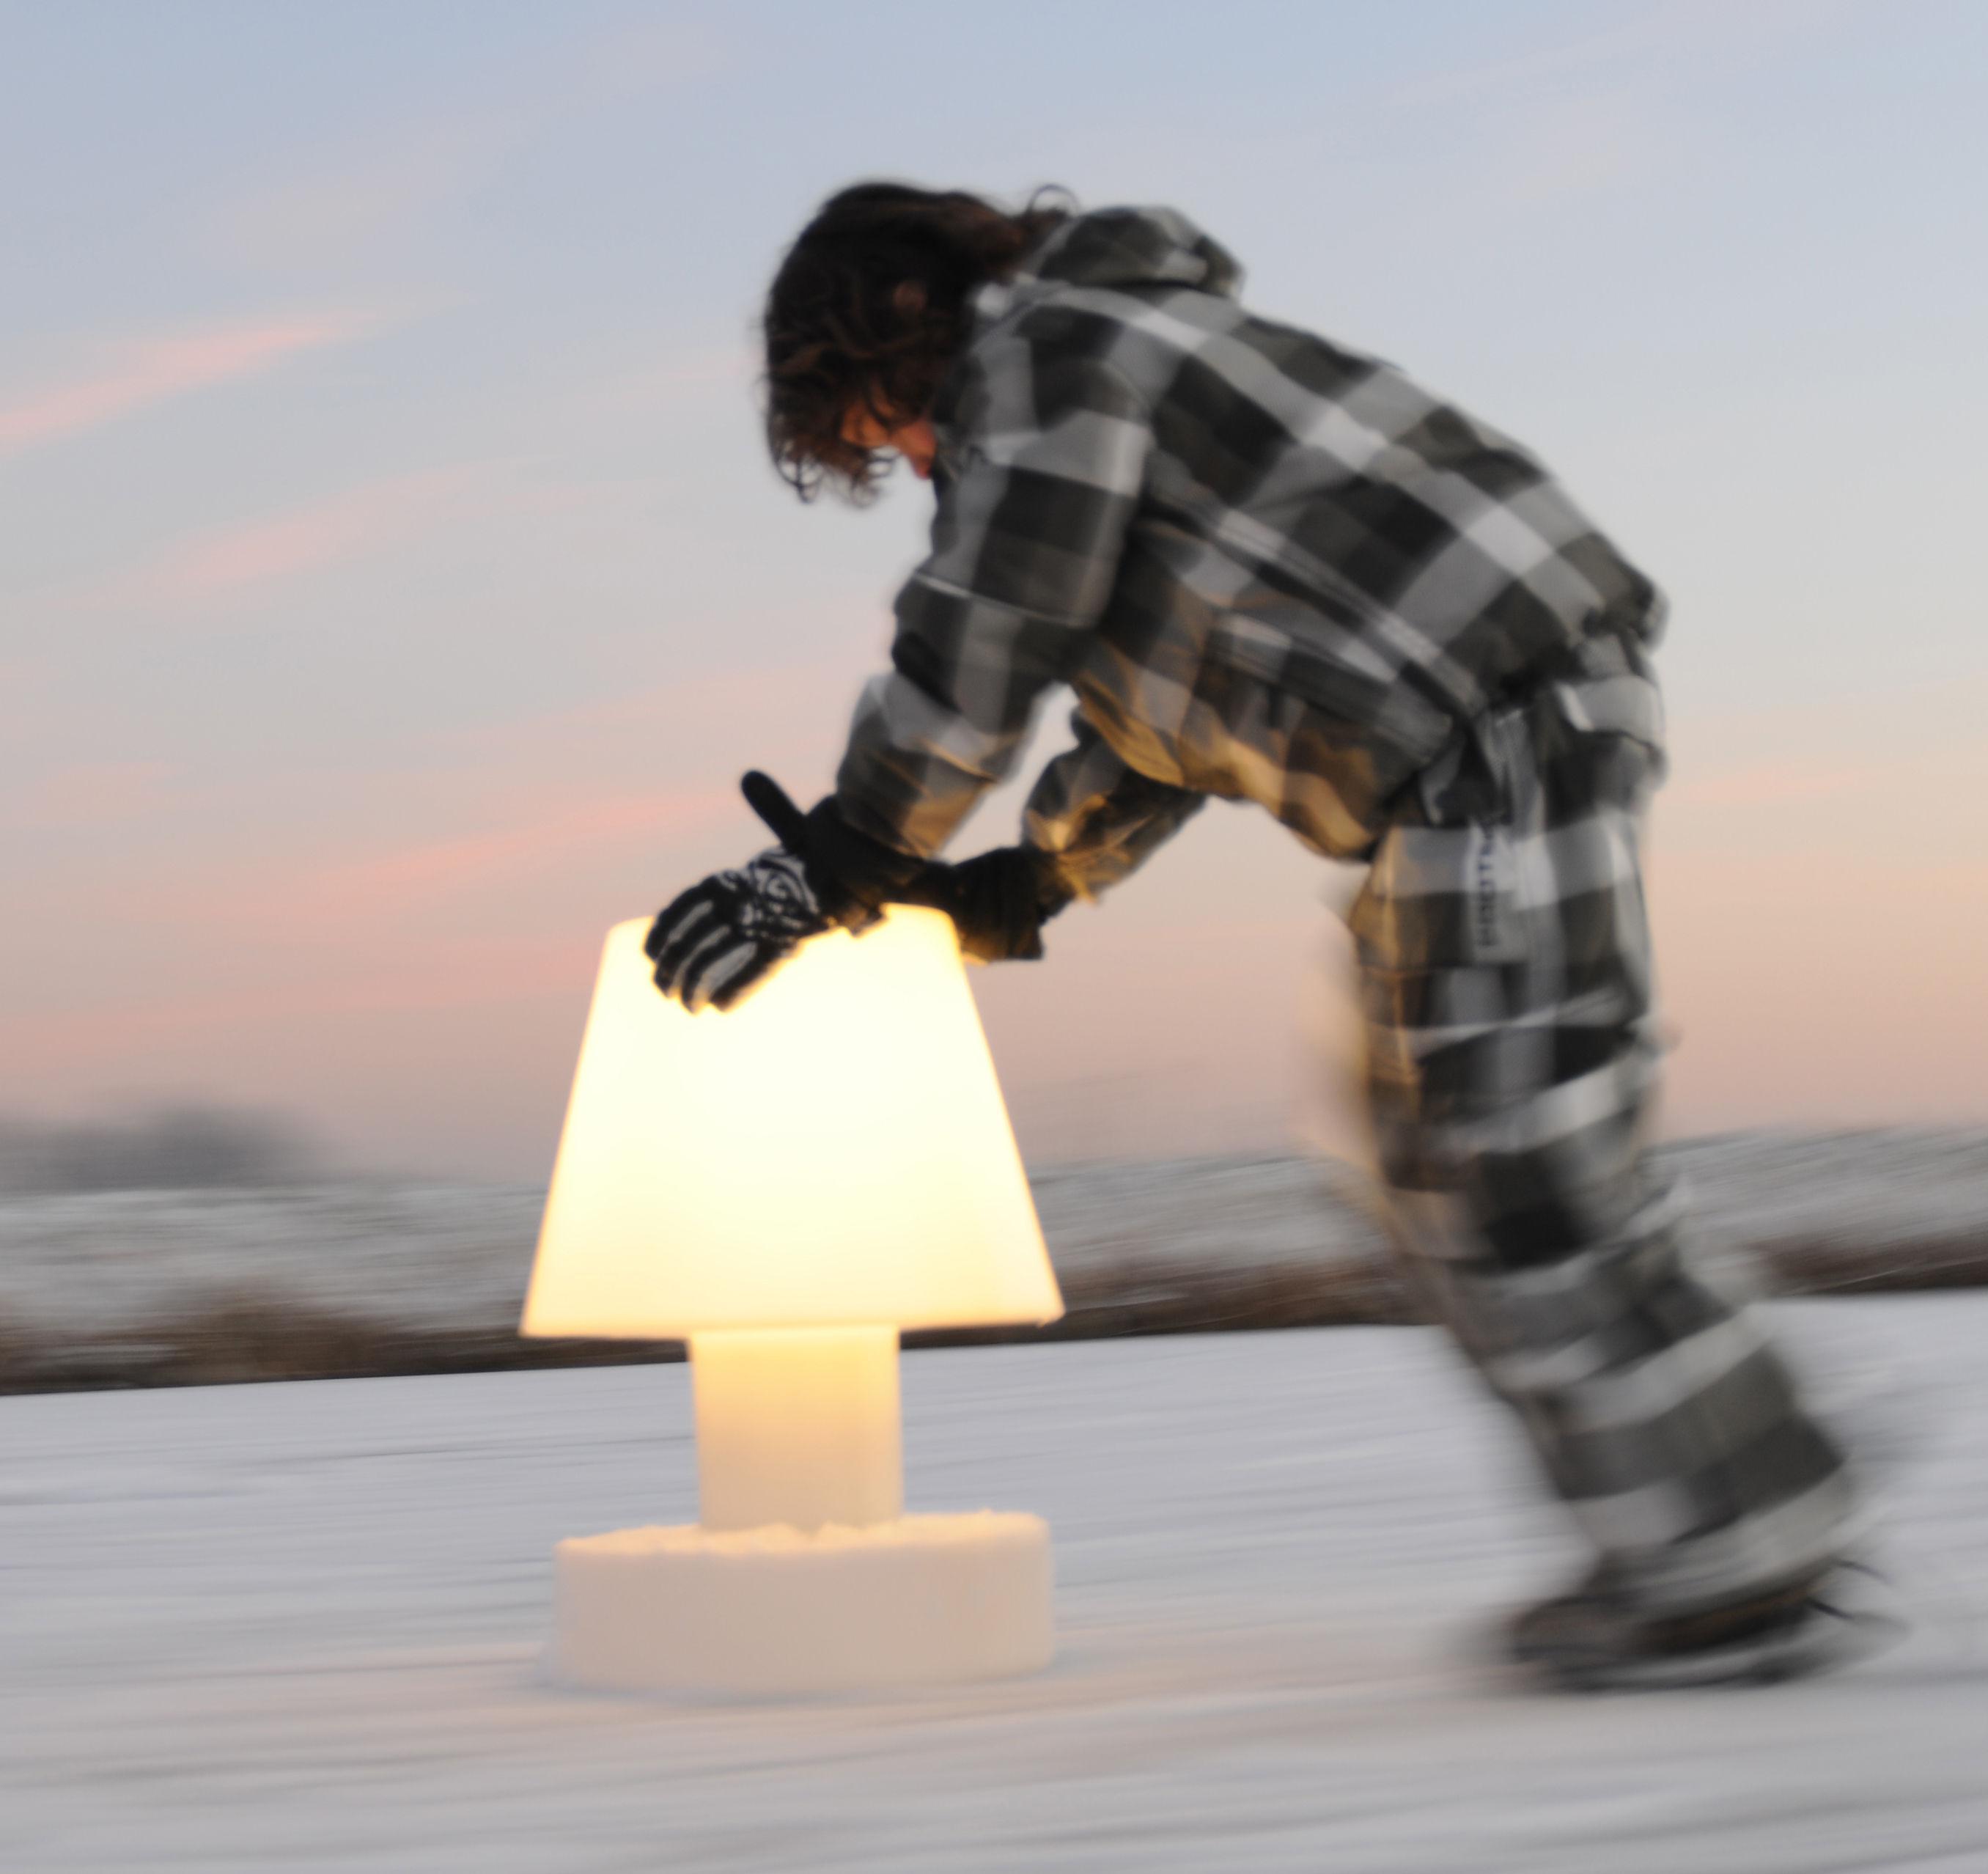 Scopri Lampada senza fili -Portatile senza filo ricaricabile - h 56 cm, Viola - H 56 cm di Bloom ...
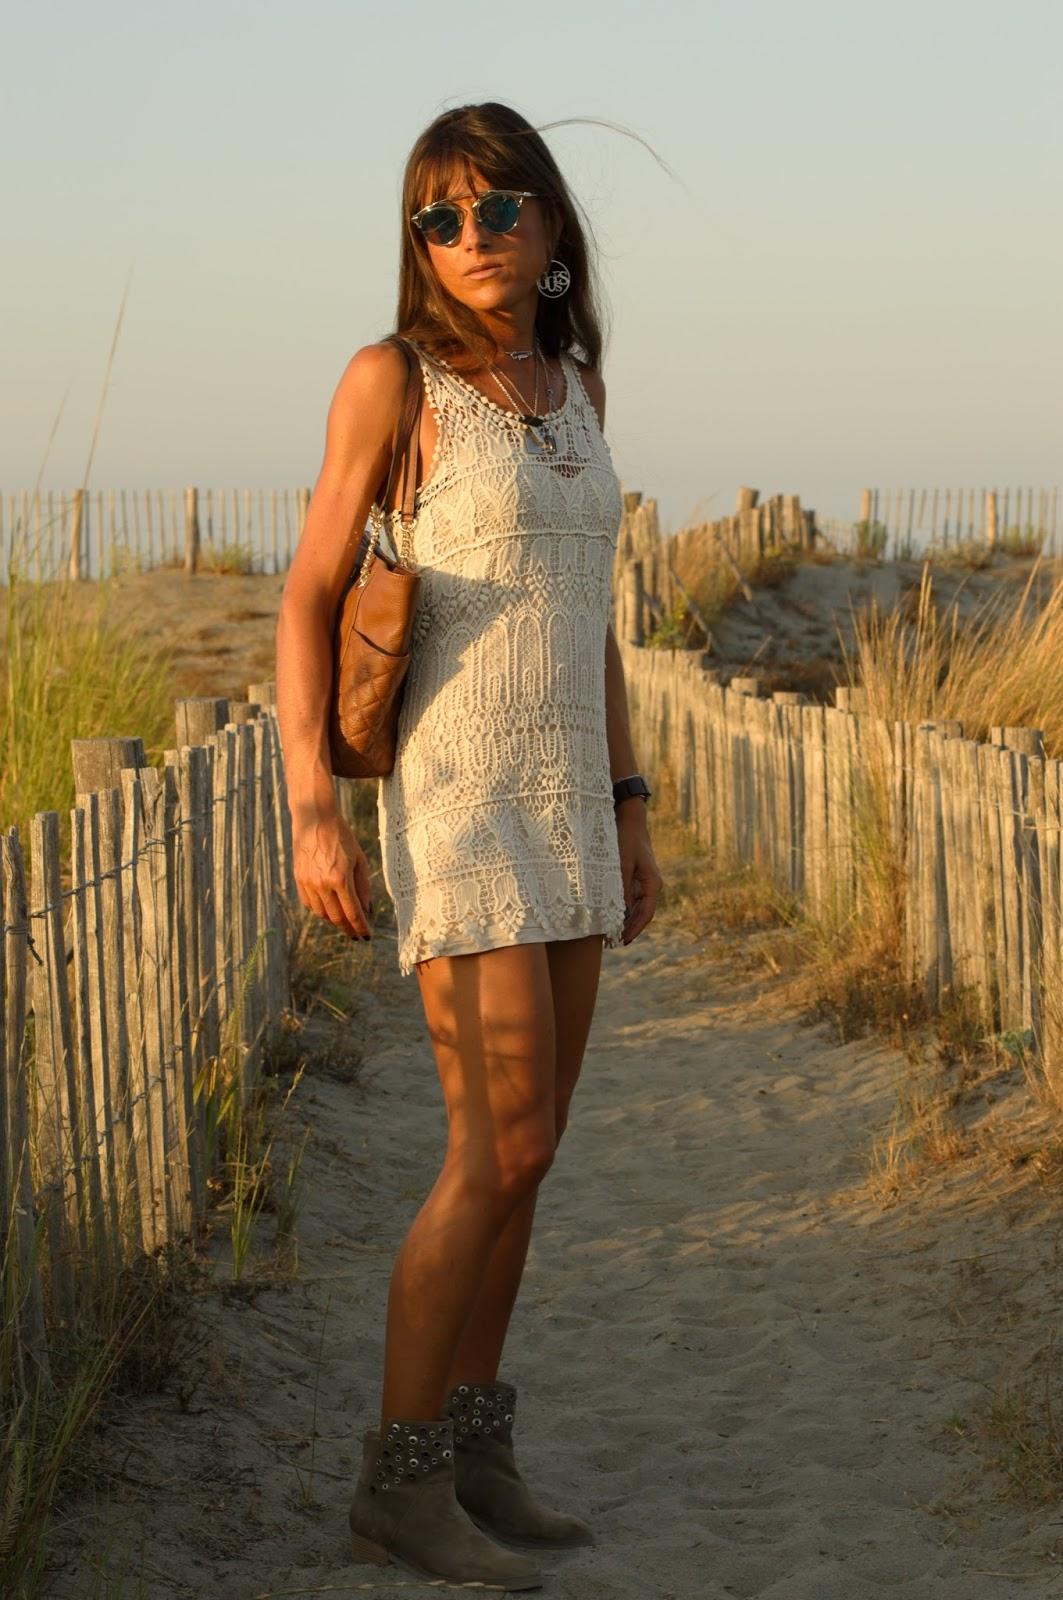 Fashion Musings Diary Crochet Dress Episode 2 My Back To School Beach Look Robe Crochet Episode 2 Mon Look De Rentree Au Parfum De Plage
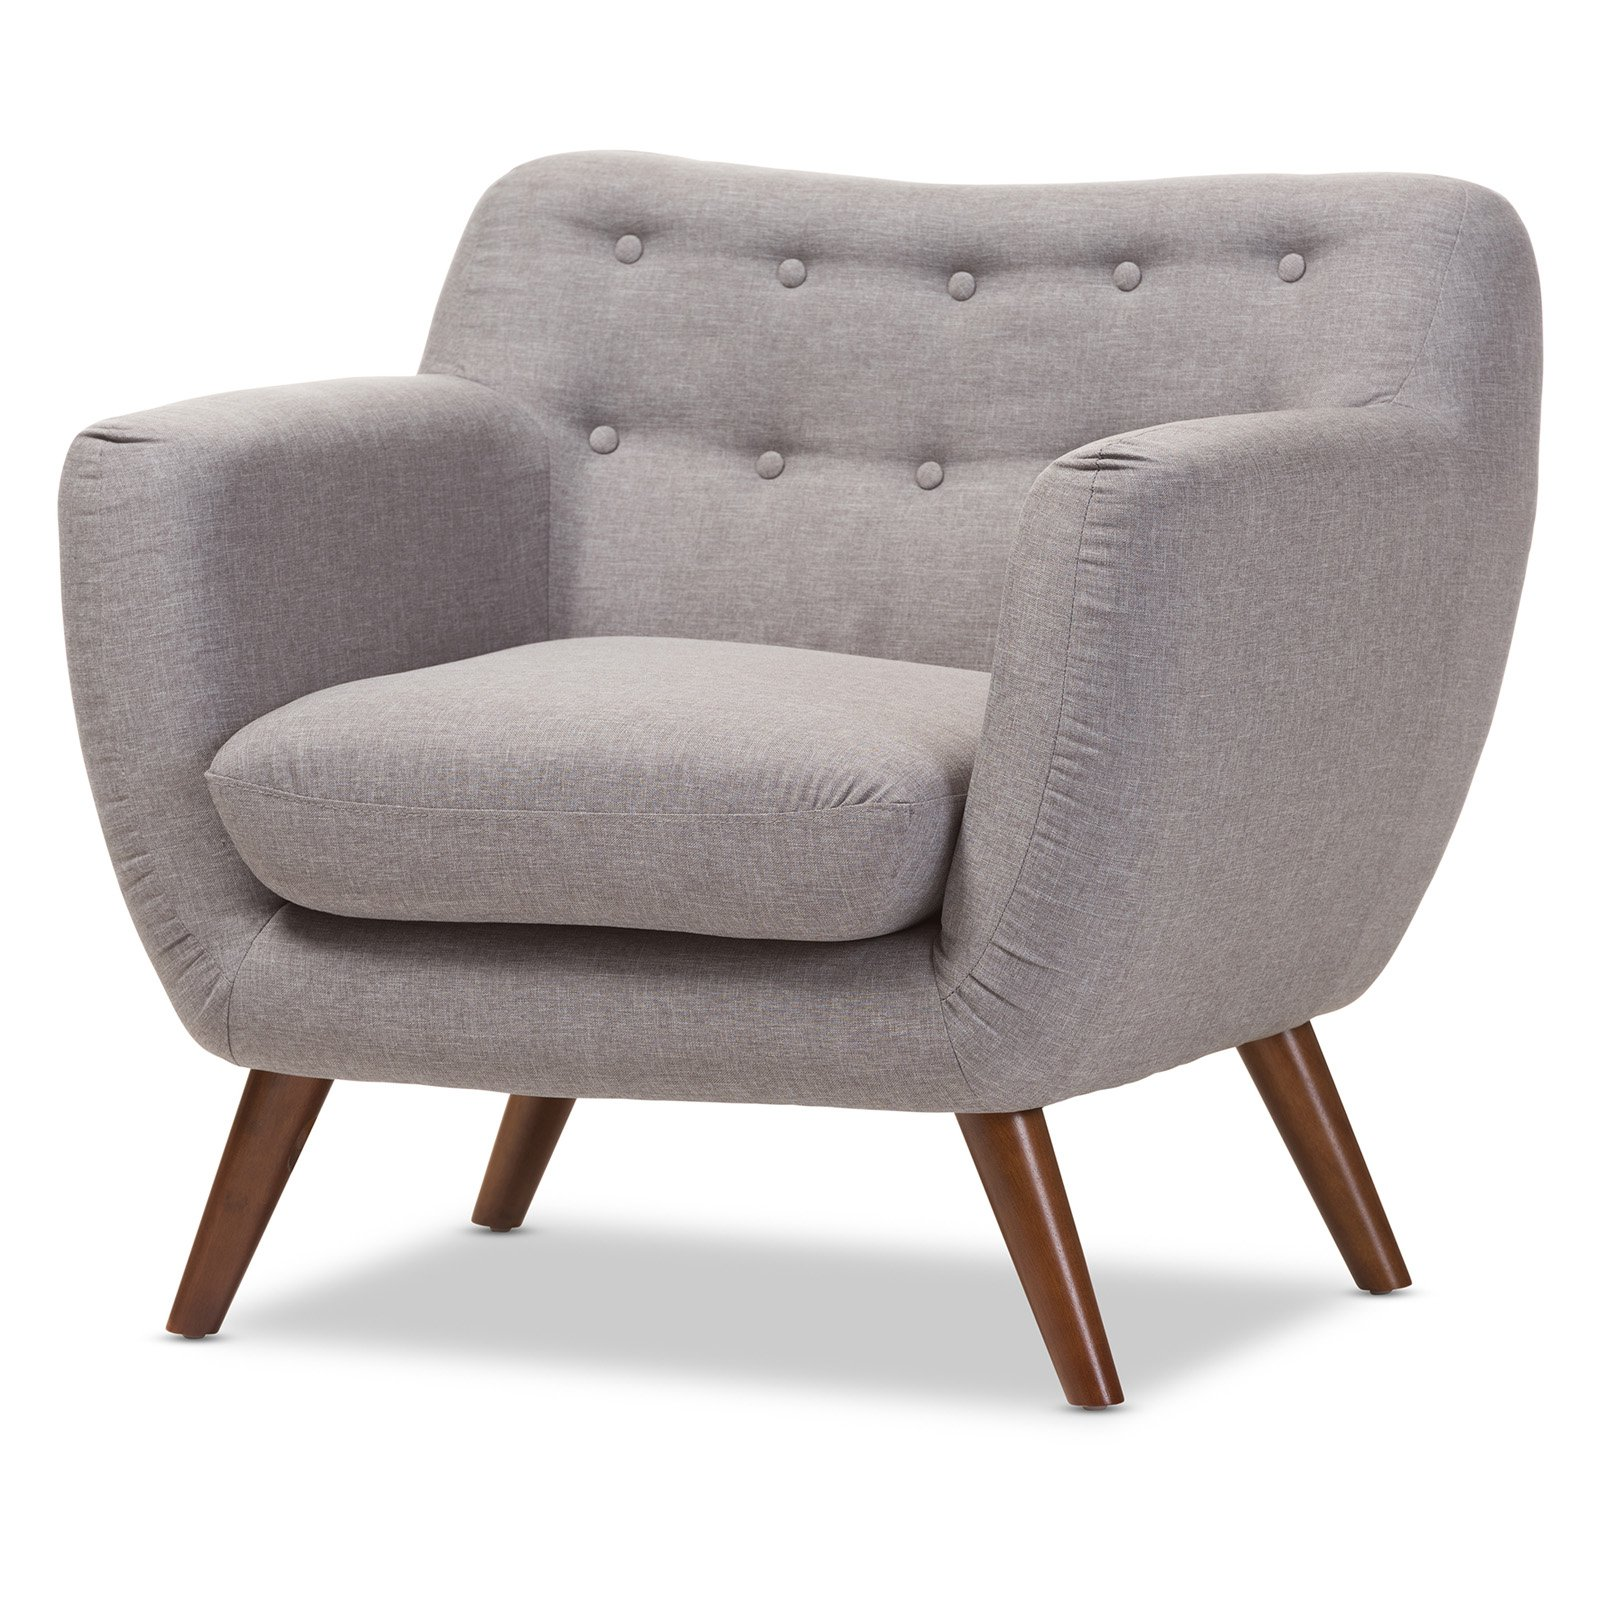 Baxton Studio Harper Mid-Century Modern Walnut Finish Button Tufted Upholstered Armchair by

Exercise requirements:
In the copy, omit the pictures and give every line of the data exactly.

Output of the task:
 Scopri Lampada senza fili -Portatile senza filo ricaricabile - h 56 cm, Viola - H 56 cm di Bloom ...
 Fashion Musings Diary Crochet Dress Episode 2 My Back To School Beach Look Robe Crochet Episode 2 Mon Look De Rentree Au Parfum De Plage
 Baxton Studio Harper Mid-Century Modern Walnut Finish Button Tufted Upholstered Armchair by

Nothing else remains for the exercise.